Once regarded as mostly theoretical, the benefits of big data in the business world are real and tangible. This is especially true with the advent of big data tools and cloud Spark platforms that do the heavy lifting and allow companies to focus on the business at hand. As a result, more and more companies are leveraging customer data and insights to drive data-driven decisions and gain a competitive advantage.
As the big data playing field becomes more crowded, organizations are gaining an extra competitive edge by harnessing internally generated data. This type of data can be analyzed to gain insights to inform better business practices, and more importantly, to build a strong work culture that leads to more satisfied, loyal, and productive employees.
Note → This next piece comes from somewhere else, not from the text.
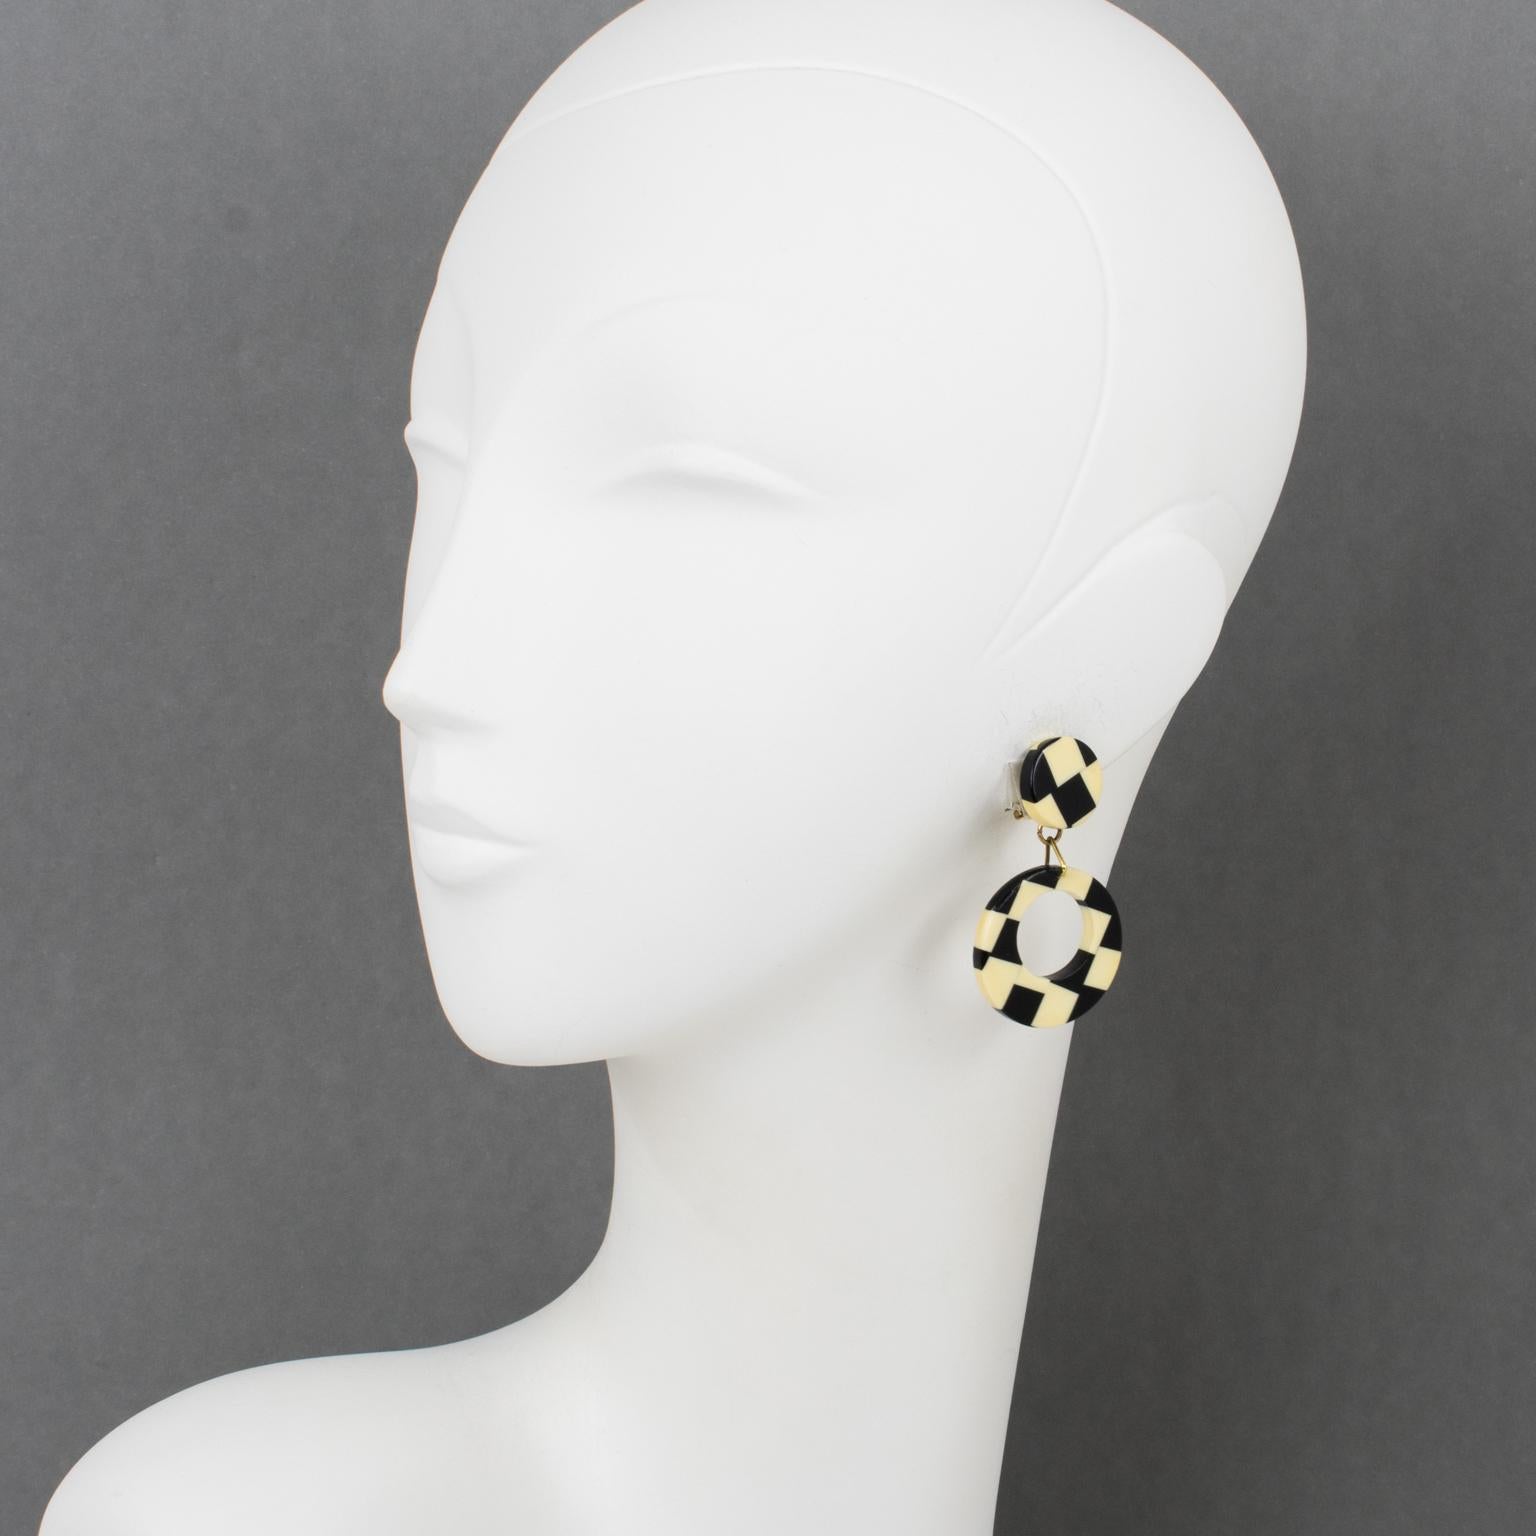 These stunning 1960s Pop Art clip-on earrings feature a dimensional dangling geometric donut design made of Galalith with a gorgeous checkerboard laminated pattern in black and off-white colors. These earrings have the specific French clip back used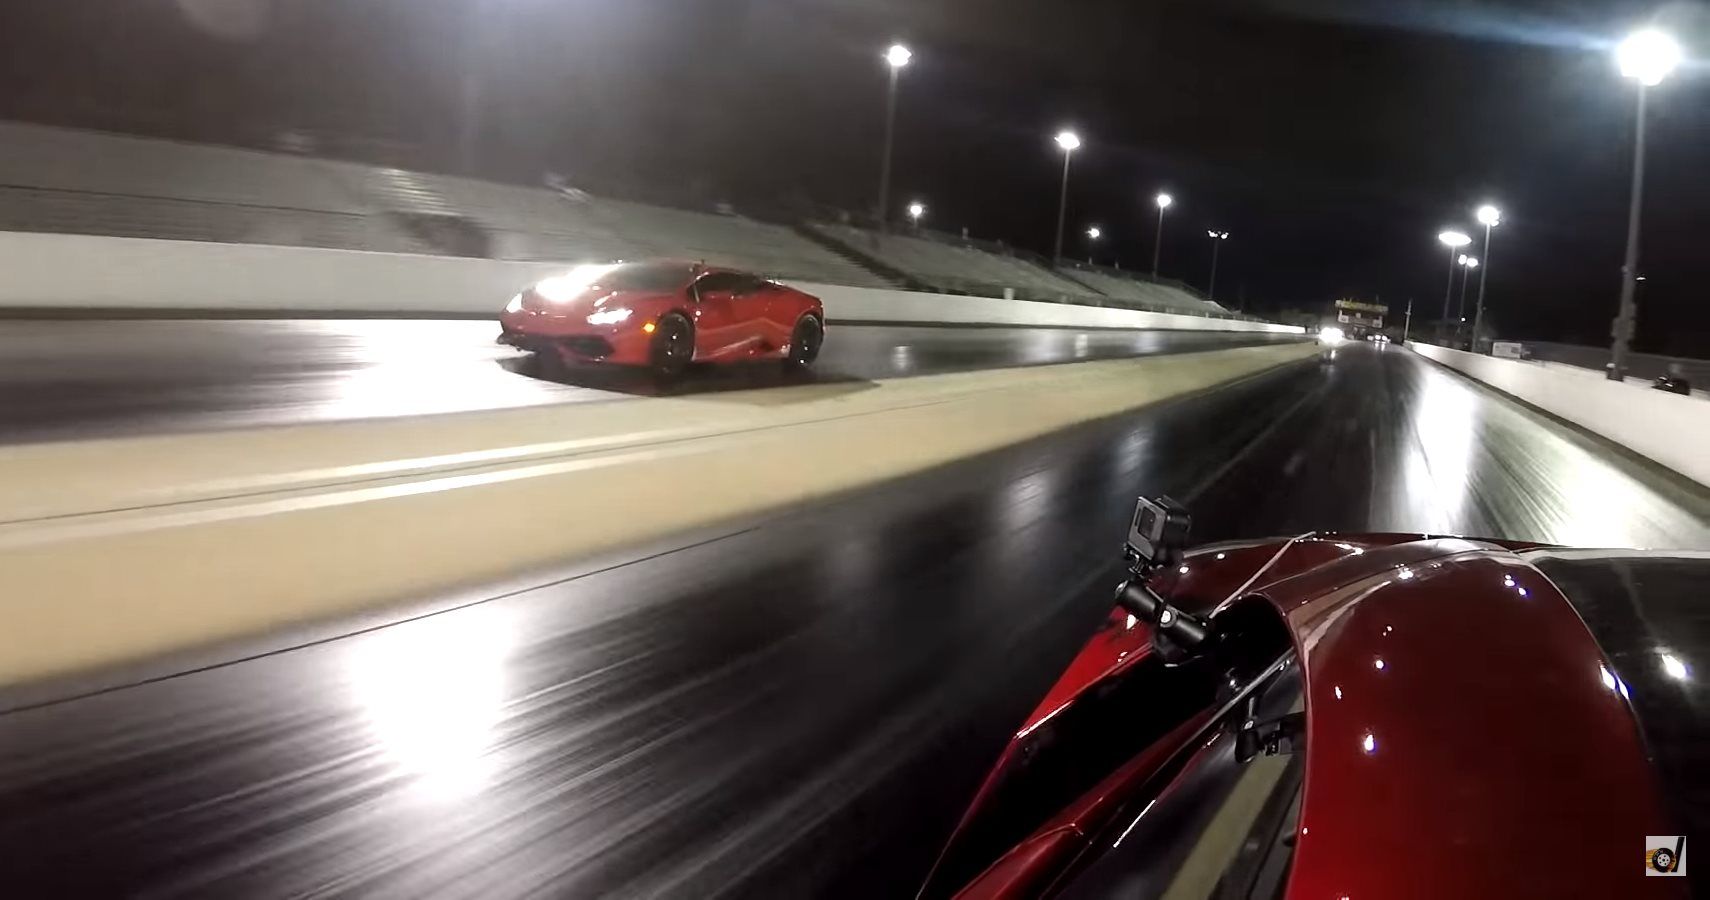 Watch A Lamborghini Huracan LP610-4 Take On An Acura NSX In Drag Race Action

If your organization is in search of new and better ways to outperform its competitors — and what company isn’t — here’s a look at how big data can help to build a strong work culture that leads to a healthier bottom-line.
A recent article on CIO.com discusses the importance of maintaining corporate culture within an organization. In the article, Diana McKenzie, the newly appointed CIO of Workday, discusses the importance of improving the business architecture within the company to make sure that individuals are aware of, “what data we have, where it is, how they get to it, and what they can and can’t see.” Getting data out of silos and allowing access across the organization will, “… ensure that business leaders have the right information at their fingertips to make better decisions”, says McKenzie.
Granting greater data access to those within the organization makes big data analytics a part of the company’s culture. This can create greater unity of purpose within the workforce and lead to significant competitive advantage.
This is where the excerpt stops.